• [Exercise]
Exactly the lines from the one containing "wedding stairs .JPG" through the one containing "BBY_001_2018_Boothbay_Lights_ID_4C_Tag.jpg" in the listing below are to be copied, with the pictures left out.

• [Supplied material]
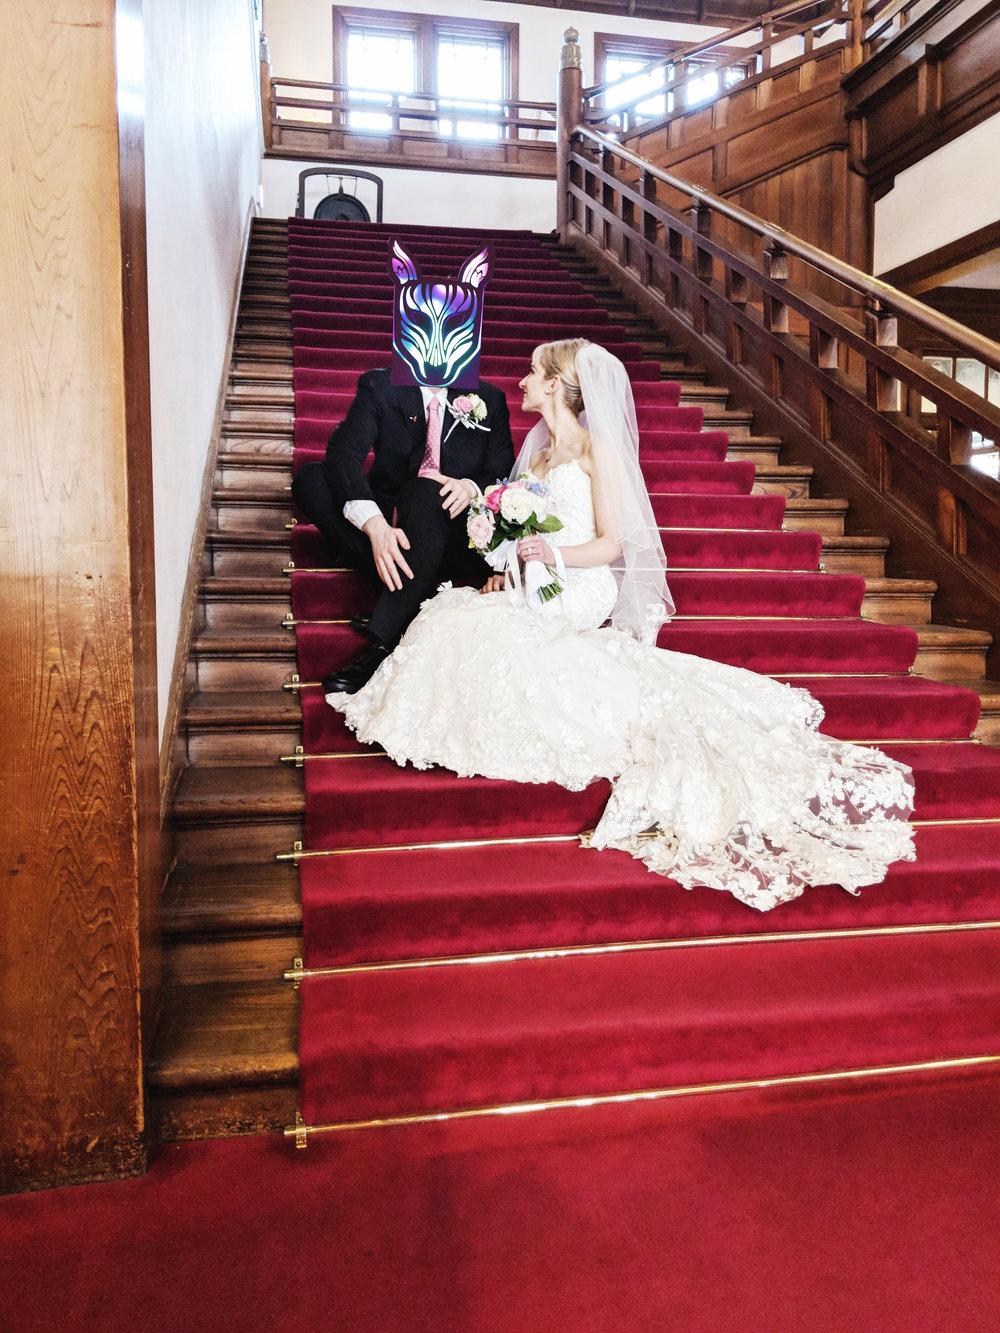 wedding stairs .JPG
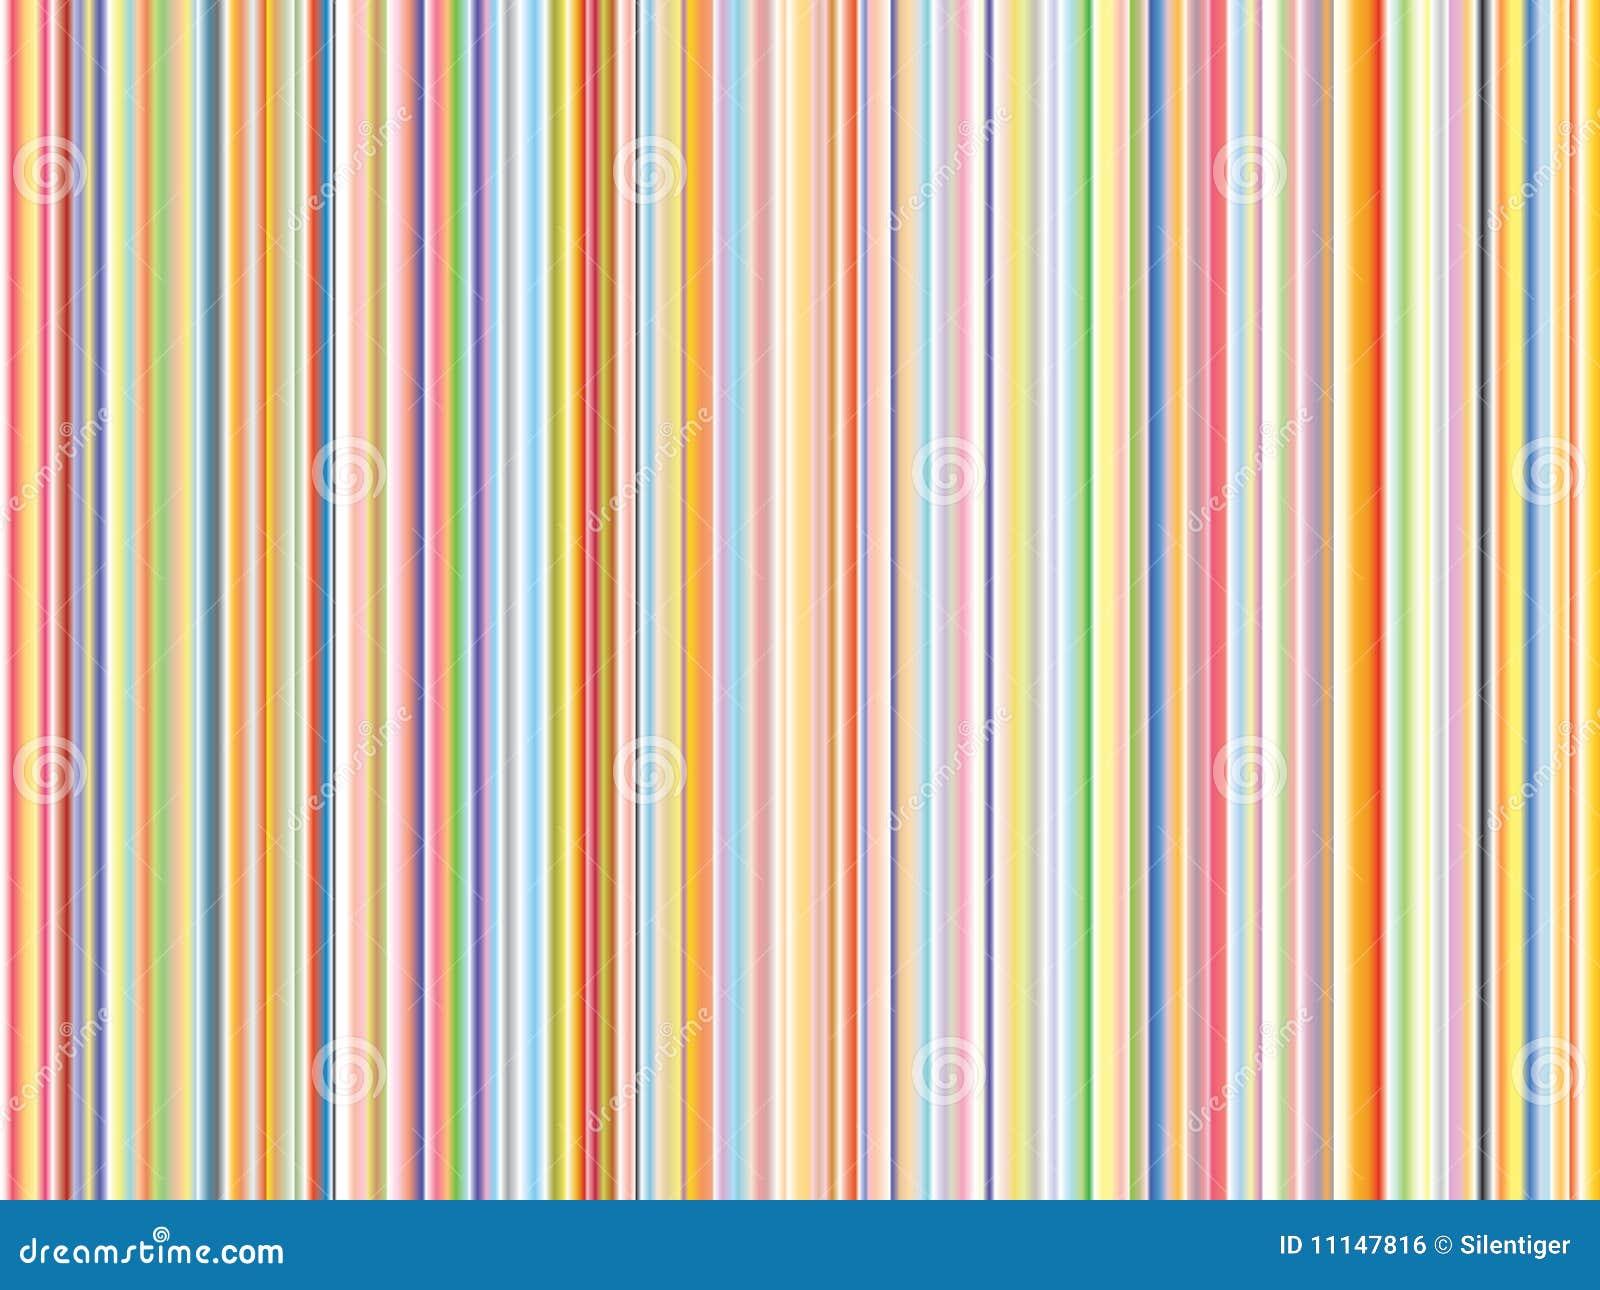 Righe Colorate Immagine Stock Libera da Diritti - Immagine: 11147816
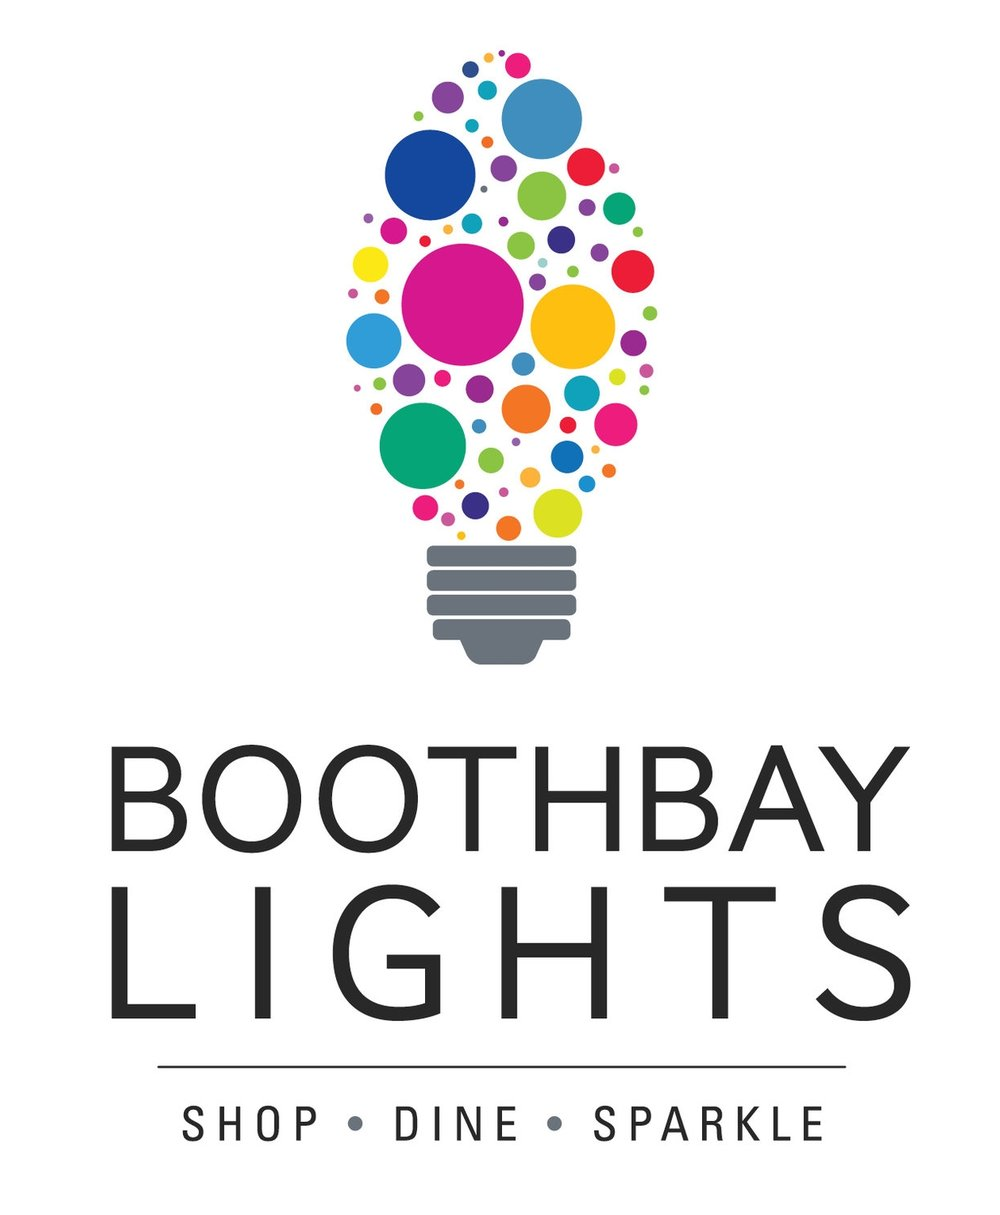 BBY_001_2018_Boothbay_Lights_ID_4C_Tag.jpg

...

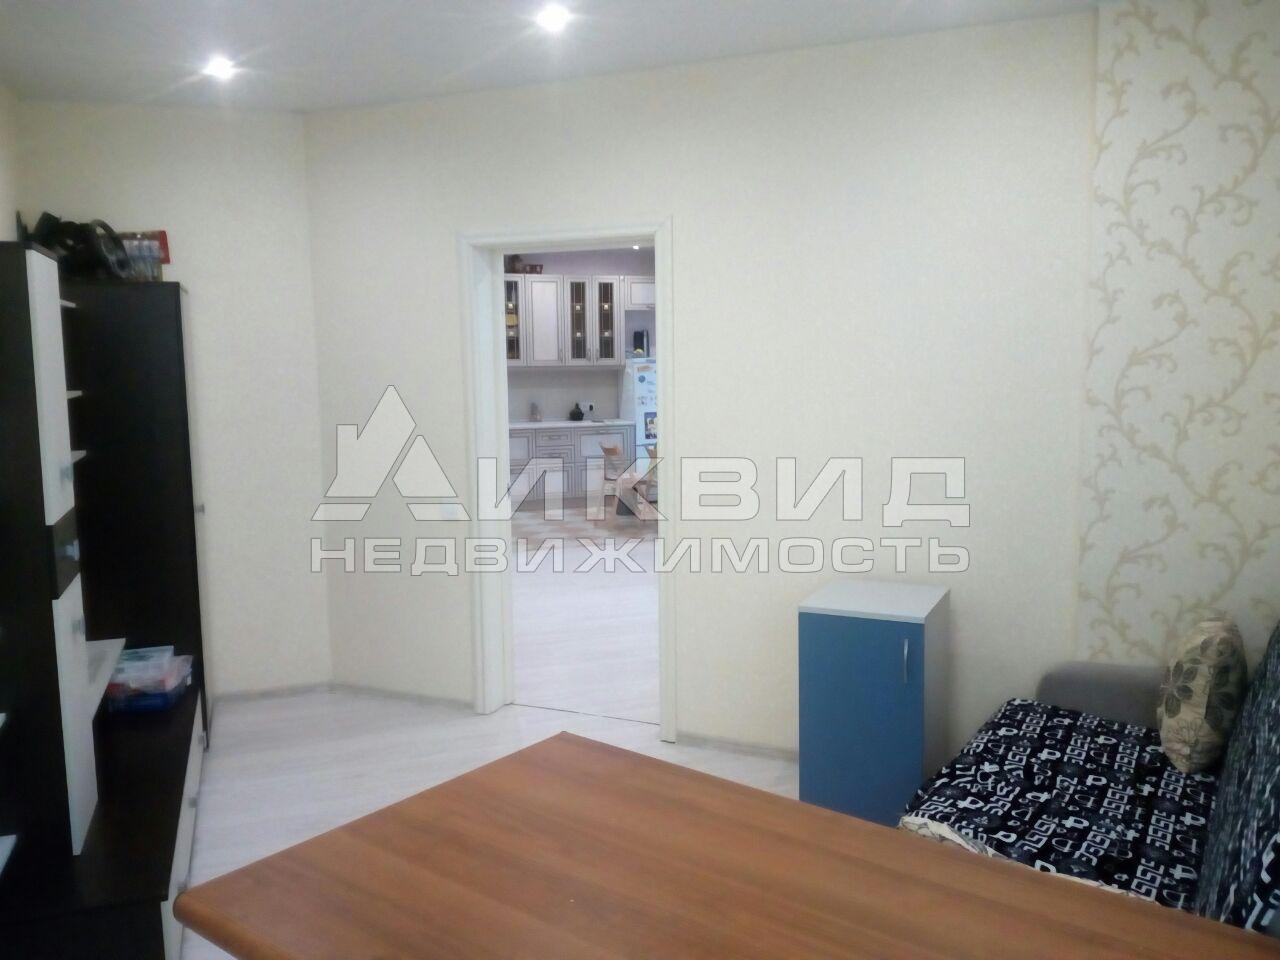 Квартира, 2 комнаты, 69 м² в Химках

• [Reply to the exercise]
 wedding stairs .JPG
 Righe Colorate Immagine Stock Libera da Diritti - Immagine: 11147816
 BBY_001_2018_Boothbay_Lights_ID_4C_Tag.jpg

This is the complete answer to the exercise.